RISK-RESISTANT

RISK-RESISTANT 2007-09-01 Staff Writer <quotation><italic></italic></quotation>France's world-famous Le Mans 24-hour car race is, as the name would suggest, a test of endurance. It is also, in at least equal measure, an examination of nerves. Two examples illustrate this well. In 1955

France's world-famous Le Mans 24-hour car race is, as the name would suggest, a test of endurance. It is also, in at least equal measure, an examination of nerves. Two examples illustrate this well. In 1955, a car driven by Pierre Levegh cartwheeled off the circuit and into the trackside crowd, killing Levegh and 80 spectators. Although this tragic incident led to a string of new safety measures being introduced, until 1970 the traditional “Le Mans start” prevailed. This involved drivers having to run to their cars and jump into the cockpit before they could turn the ignition, engage the gears and head full pelt for the first corner.
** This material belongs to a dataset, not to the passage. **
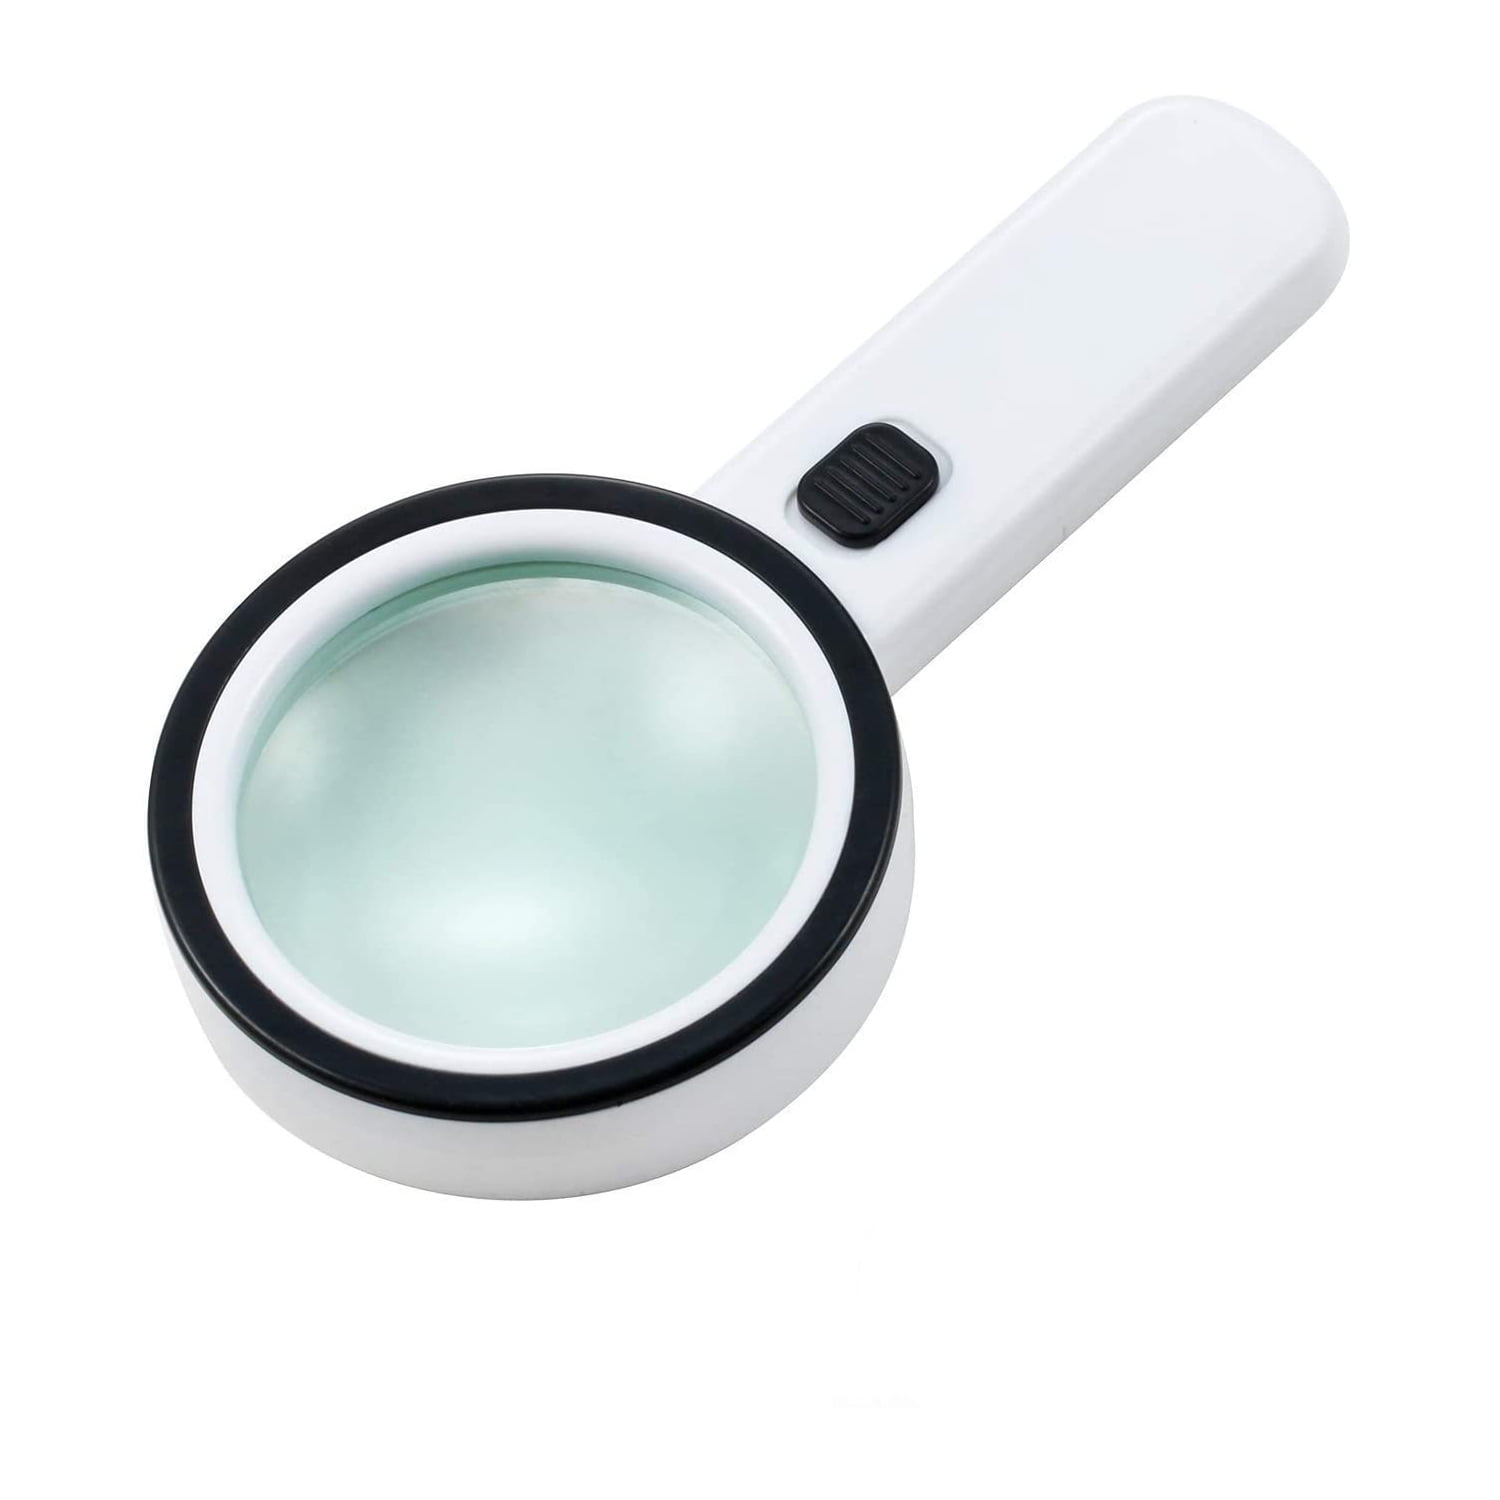 Haobase 30x High Handheld Strong Magnifying Glass with 12 LED 
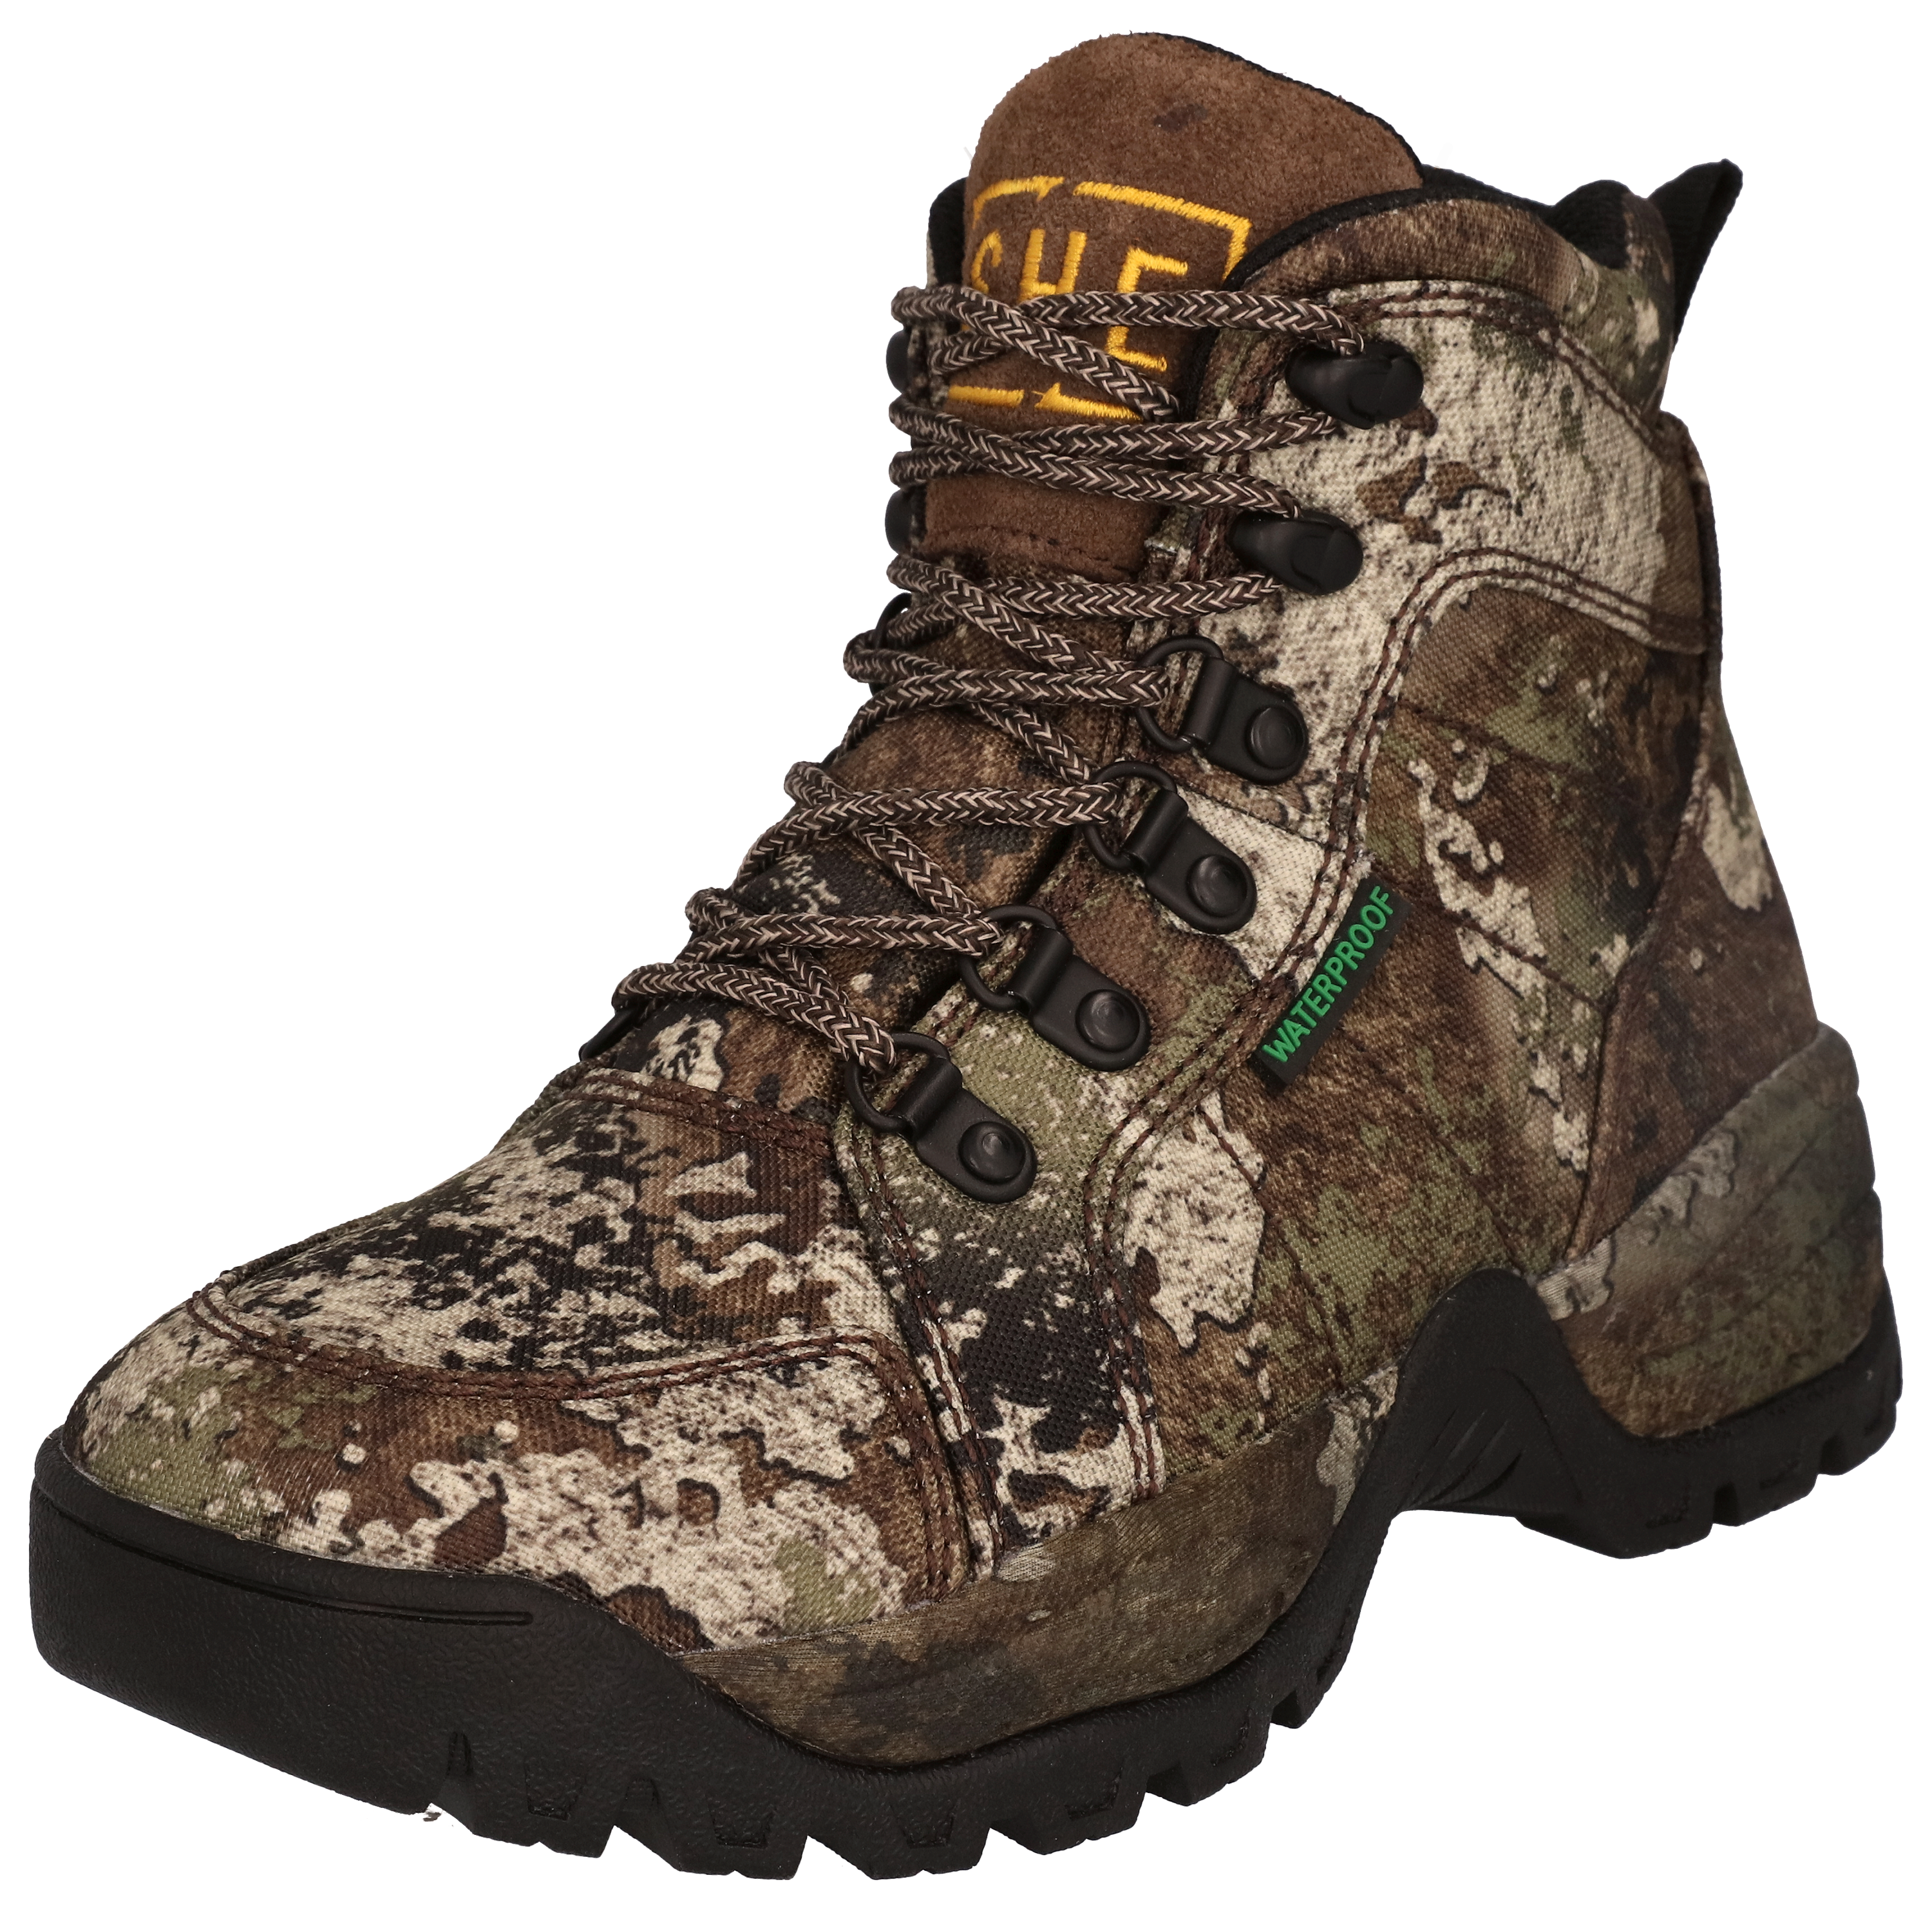 SHE Outdoor Timber Buck Waterproof Hunting Boots for Ladies - TrueTimber Strata - 7.5M

Putting speed over safety, many drivers failed to first secure their safety harnesses.

Things are a little different now – the Le Mans start has thankfully been consigned to the past – but Le Mans would not be Le Mans without the frisson of danger. Hence, it follows that Anil Thadani, founder of Singapore-based pan-Asian private equity firm Symphony Capital Partners and a regular competitor in the “Le Mans Classic”, is a man well acquainted with risk. It's sobering to consider therefore, that Thadani, one of Asia's most experienced private equity investors, is less than comfortable with the risk of investing in the region over a typical private equity timeframe. Fear of coming to grief in a high-speed car race is, one might conclude, a less unsettling prospect for Thadani than short-term investing in Asia.

All of which helps to explain why Symphony recently listed a vehicle called Symphony International Holdings on the London Stock Exchange, in the process raising $200 million from the first IPO of a pan-Asian private equity firm. Institutional investors, family offices and high net worth individuals from the UK, Europe and the Middle East participated in the flotation, with Symphony's management buying shares worth $10 million.

The IPO's success was notable at a time when listings of other private equity firms and funds have been performing poorly in the after-market. For example, since listing on 27 June, global giant The Blackstone Group has seen the price of its units listed on the New York Stock Exchange trade consistently at around 20 percent below their issue price (despite a tripling of the group's profits in the second quarter of this year compared with the second quarter of 2006).

Perhaps the strong level of support for the Symphony IPO indicates a groundswell of investor opinion in accord with Thadani's belief that evergreen capital is the best way of seeking to dilute the impact of Asia's volatility. In a recent interview with hotelsmag.com, he reflected on the period from 1997 to 2003 as “the worst period we have ever had” [in Asia]. During that time, the region witnessed such stomach-churning events as: currency devaluations in Indonesia and Thailand; devastating bombings, including the 2002 Bali terror attack; SARS and bird flu outbreaks; and severe earthquakes.

Nor have the subsequent four years exactly been an oasis of calm and tranquillity by comparison. In December 2004, the infamous tsunami devastated much of South Asia, while many of the perils mentioned above, such as disease and terrorism, have continued to cast their shadow.

It is important to note at this point that Symphony perhaps has more reason than most private equity firms to be sensitive to risk given that it targets consumer-oriented businesses. For example, Thadani co-founded Amanresorts, a luxury spa and wellness resort in Thailand in 1987. An investment in Minor International, a leisure and lifestyle company in Bangkok, has reportedly been the firm's most successful bet to date. Just the sort of businesses, in other words, that might be considered highly vulnerable to temporary shocks to the economic system.

It's also pertinent to consider that concerns about Asian risk go somewhat against the grain these days. Long considered a bleeding edge investment destination, many observers claim that the region is now characterised by increasing stability and that any future shocks are more likely to emanate from outside rather than within the region (a view reinforced by the current credit crunch, with its origins in the US sub-prime market, but which wreaked havoc on stock markets around the world, Asia included).

But Thadani apparently has a mission to make Symphony “Asia's Berkshire Hathaway”. And as far as he's concerned, that's not something to be undertaken without first making absolutely sure the safety harness has been fastened.